2:09 Find cars by make, find owner by name and so on.
2:16 Number of cars with bad service, a lot of this stuff is what we wrote previously;
2:20 there was the program thing that we ran over here that was interactive
2:23 and I've replaced that with a few things,
2:25 one is this db stats and you can run this and it will tell you
2:28 like how many cars are there, how many owners are there,
2:31 what's the average number of histories,
2:33 this is basically those stats that I presented to you before,
2:36 this takes a while to run on this database, I don't recommend you run it
2:39 but if you want to just run it and see what you get you can.
2:42 The database was originally created using this script,
2:46 I am using something interesting you may not have heard about,
2:49 I am using this thing called Faker, so down here
2:53 Faker lets you create this thing and I'm seeding it
2:59 so it always generates exactly the same things,
3:01 I'm seeding random and fake and you can see down here
3:04 it's creating the owners and you can ask it for things like
3:06 give me a fake name, give me a fake date
3:08 between these two dates, things like that.
3:12 Similarly with cars, we're using random to get a hold of a lot of the numbers
3:15 then we can use fake for anything else we might.
3:18 We ran this, with the right amount of data, it'll build it all up for us,
3:25 so for some reason if you need to recreate it
3:27 run this low data thing, you can have it create a small one,
3:30 if you comment, uncomment that or a large one
3:32 if you only run it with those settings.
3:34 Those are all good, this is like the foundation and this is where we are.
3:37 Next, we're going to ask interesting questions of this database
3:43 and we want to know how long those questions take to answer,
3:46 so I've written this super simple function called time
3:48 you pass it a message and a function,
3:50 it will time how long the function takes to run
3:53 and then print out the message along with the time in terms of milliseconds.

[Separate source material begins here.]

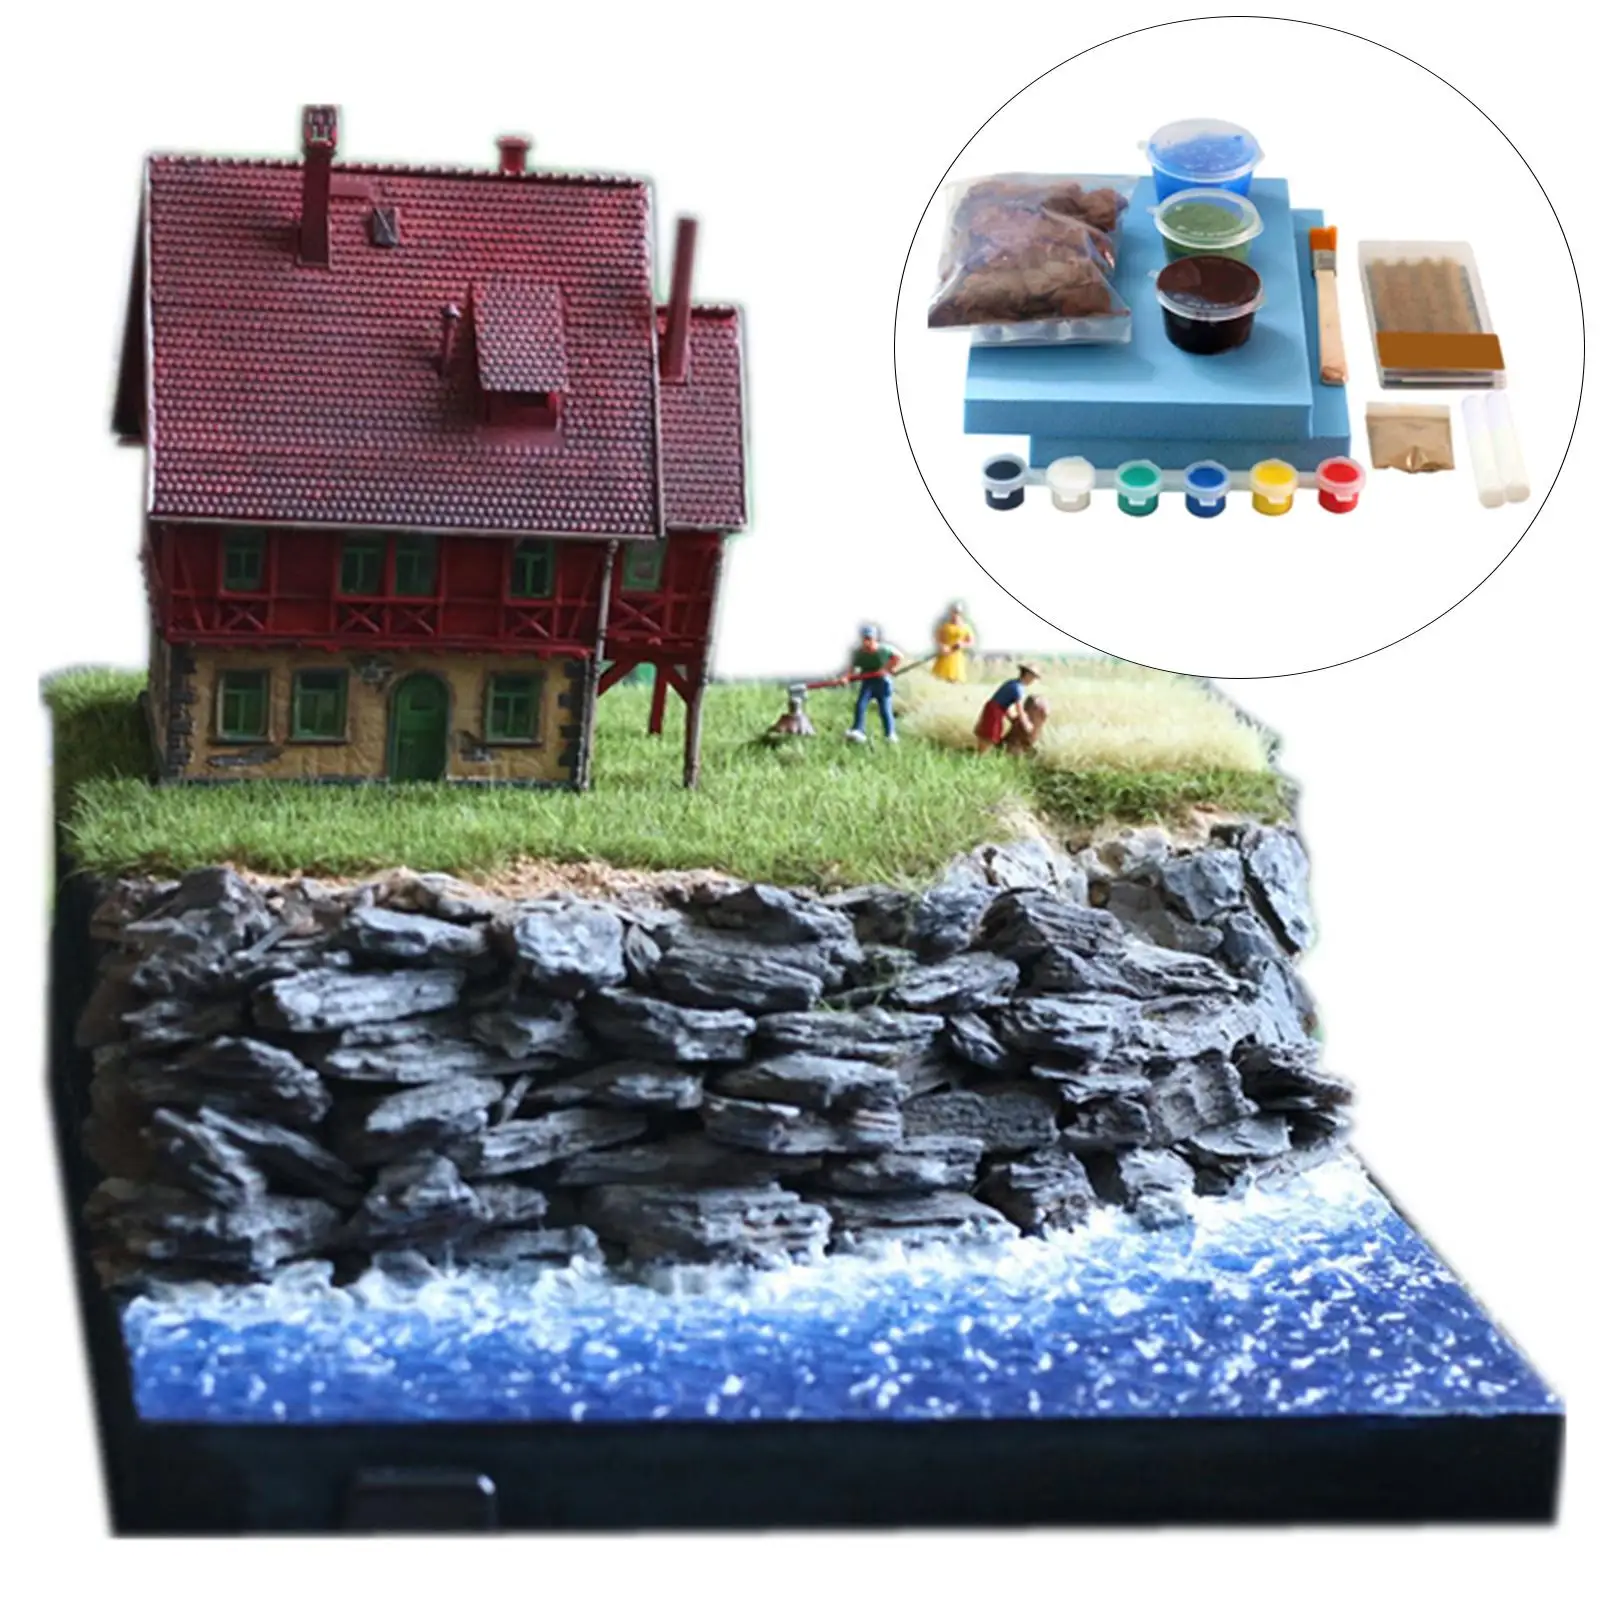 DIY Railway Scenery Kits Crafts Building Material for Architecture Model

3:57 And then we're going to go through
3:59 and we're going to ask interesting questions here
4:01 like how many owners, how many cars, who is the 10 thousandth owner,
4:05 notice the slicing here to give us a slice of item of length one
4:10 and then we'll just access it,
4:12 and then we can start asking interesting questions like
4:14 how many cars are owned by the 10 thousandth owner,
4:17 or if we go down here, how many owners own the 10 thousandth car,
4:21 so ask it in the reverse direction.
4:23 Here we want to find the 50 thousand owner by name,
4:26 so yes, technically have them but the idea is
4:30 we want to do a query based on the name field
4:32 and we originally won't have any performance
4:35 around these types of queries so it should be slow.

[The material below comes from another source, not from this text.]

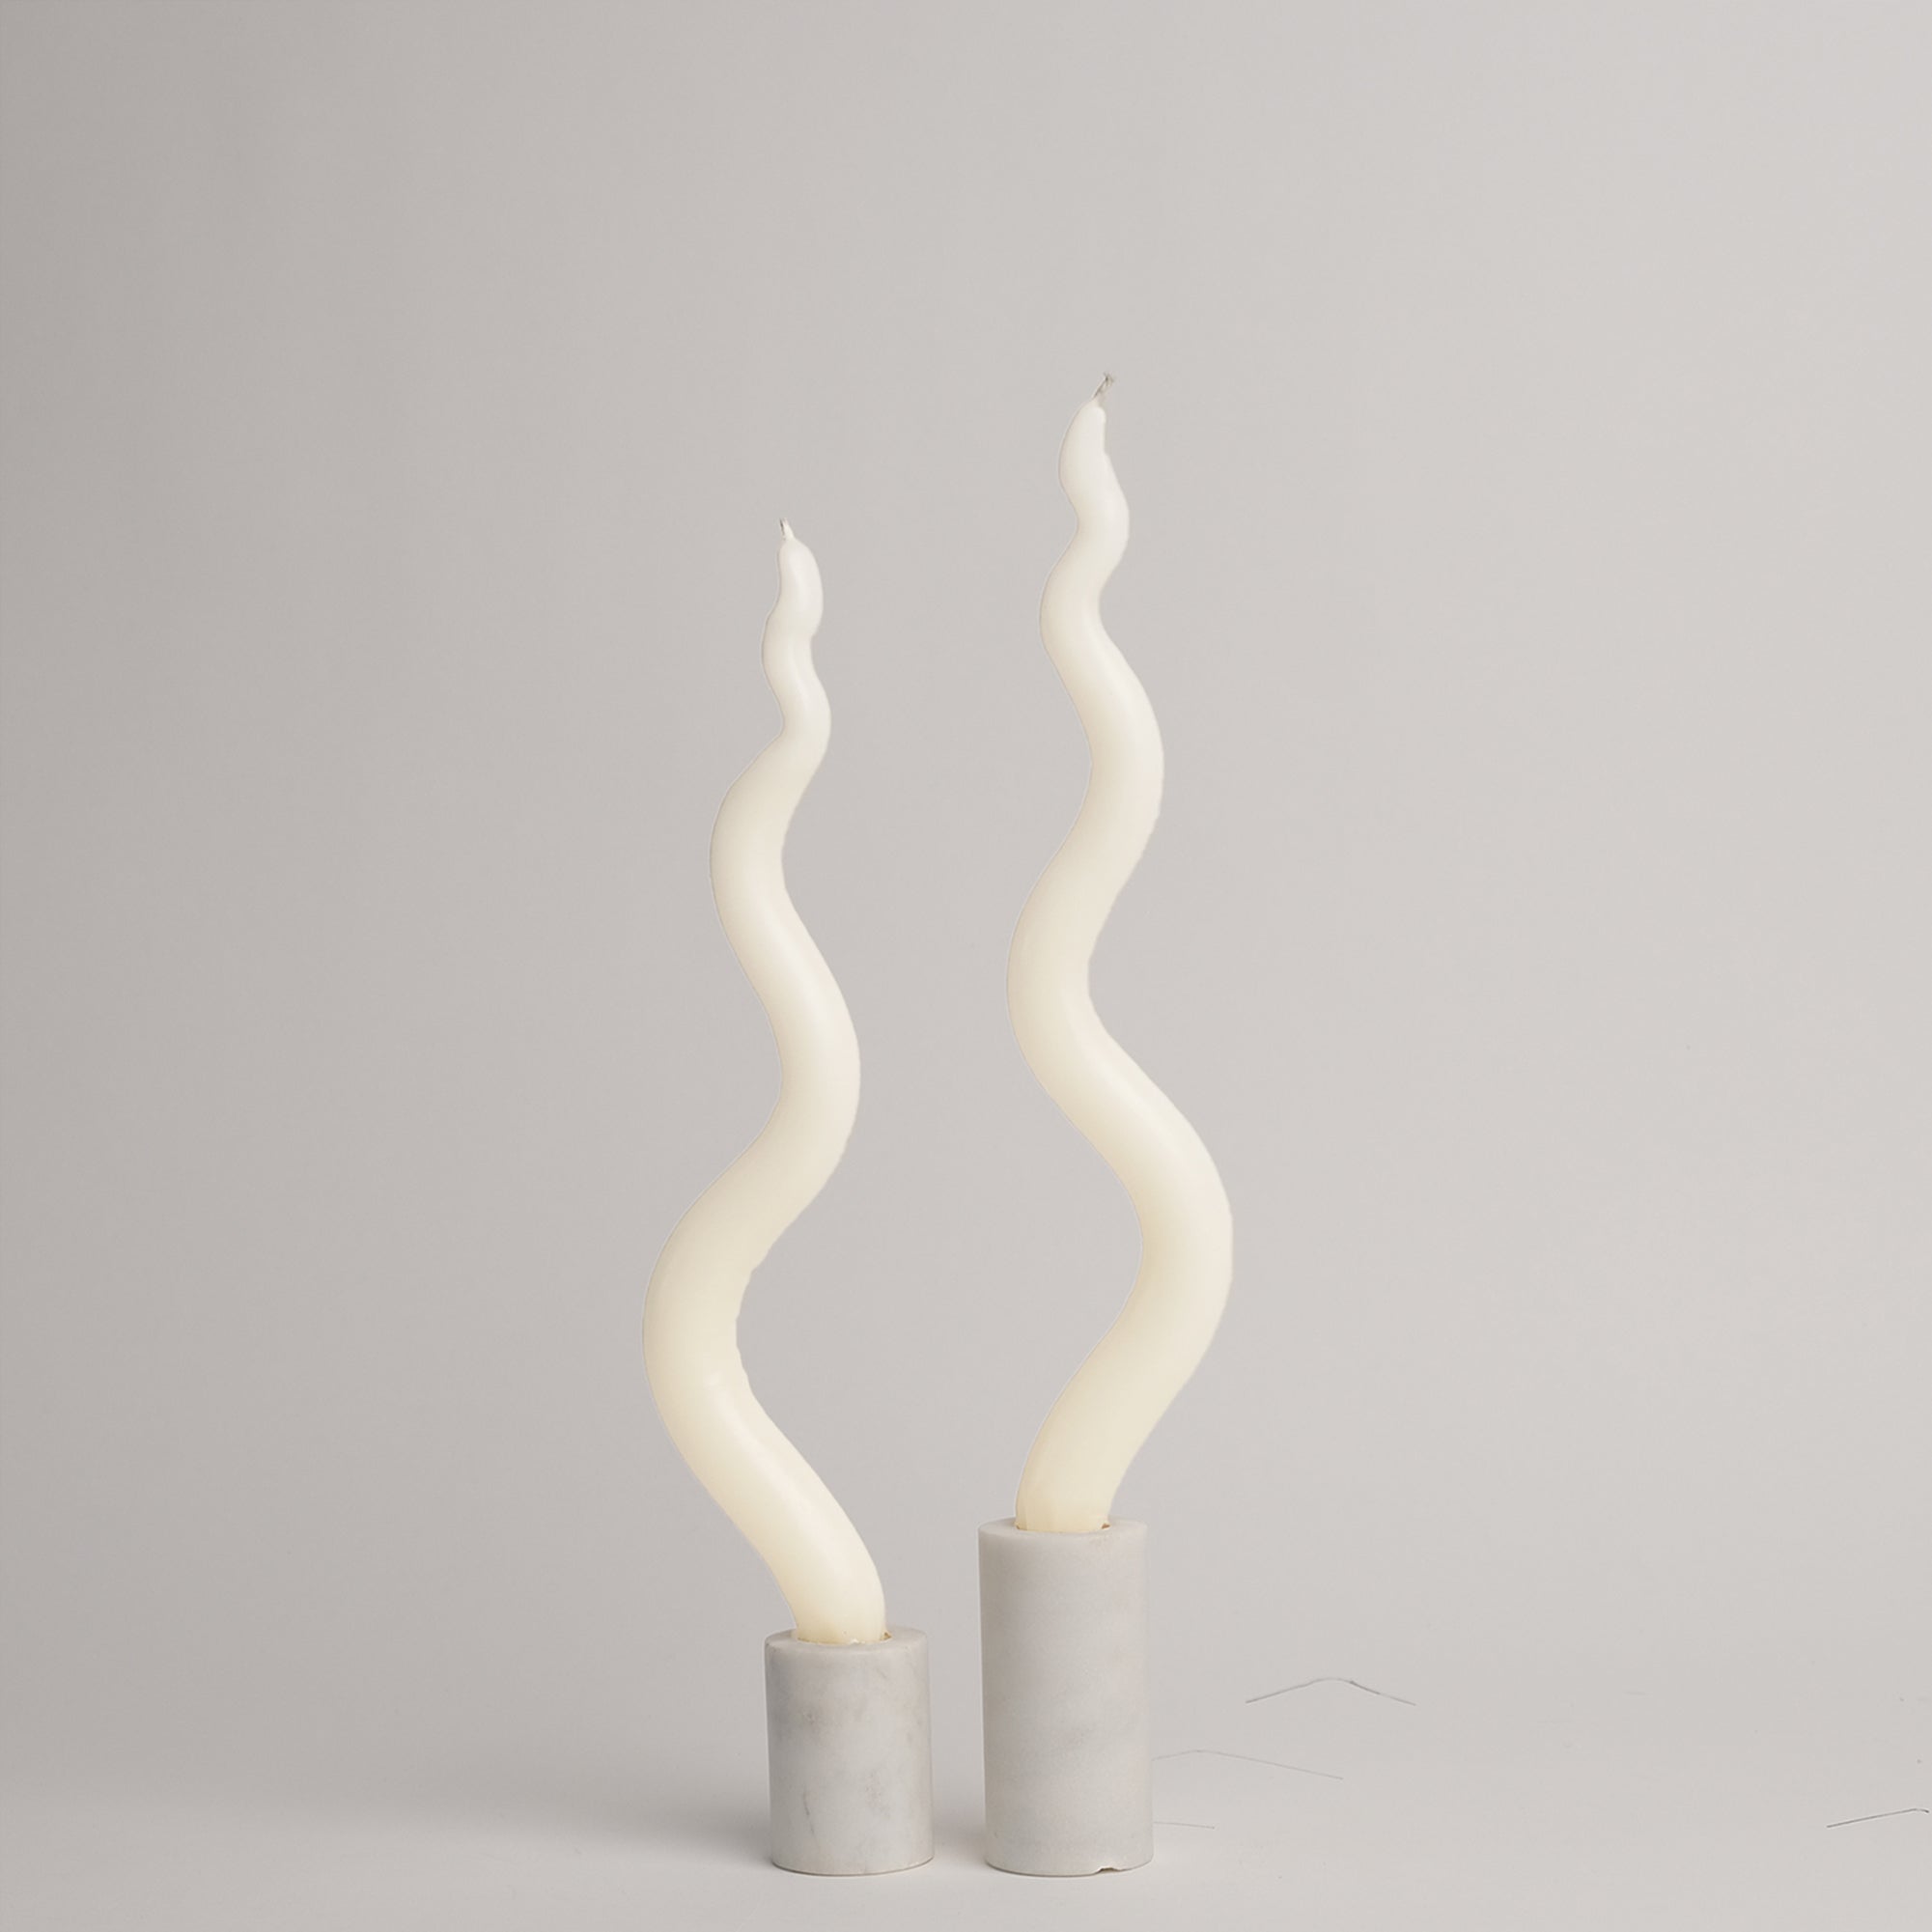 12" Hand Sculpted Squiggle Candle Sticks, Set of 2

4:38 This one, how many cars are there with expensive service
4:40 this was the one with the snail
4:43 and in one of the first videos in this chapter,
4:46 I showed you look this takes 700 milliseconds to run to ask this question
4:49 how many cars have a service history with a price greater than 16800.
4:55 So we're going to be to be able to ask all of these questions
4:58 and this program will let us explore that
5:02 and we'll see how to add indexes
5:04 and I'll show you how to add indexes in the shell
5:06 and how to add them in MongoEngine, and MongoEngine is really nice
5:09 because as you evolve your indexes, as you add new ones
5:13 simply deploying your Python web app
5:15 will adapt the database that it goes and finds
5:18 to automatically upgrade to those indexes, so it's really really nice.
5:22 So here you can see we're going to run this code and ask a bunch of questions
5:25 we could load the data from here, we could generate the data,
5:28 but you're much better off importing the data from that zip file
5:32 because this takes like half an hour to run,
5:35 you saw that zip takes like five seconds.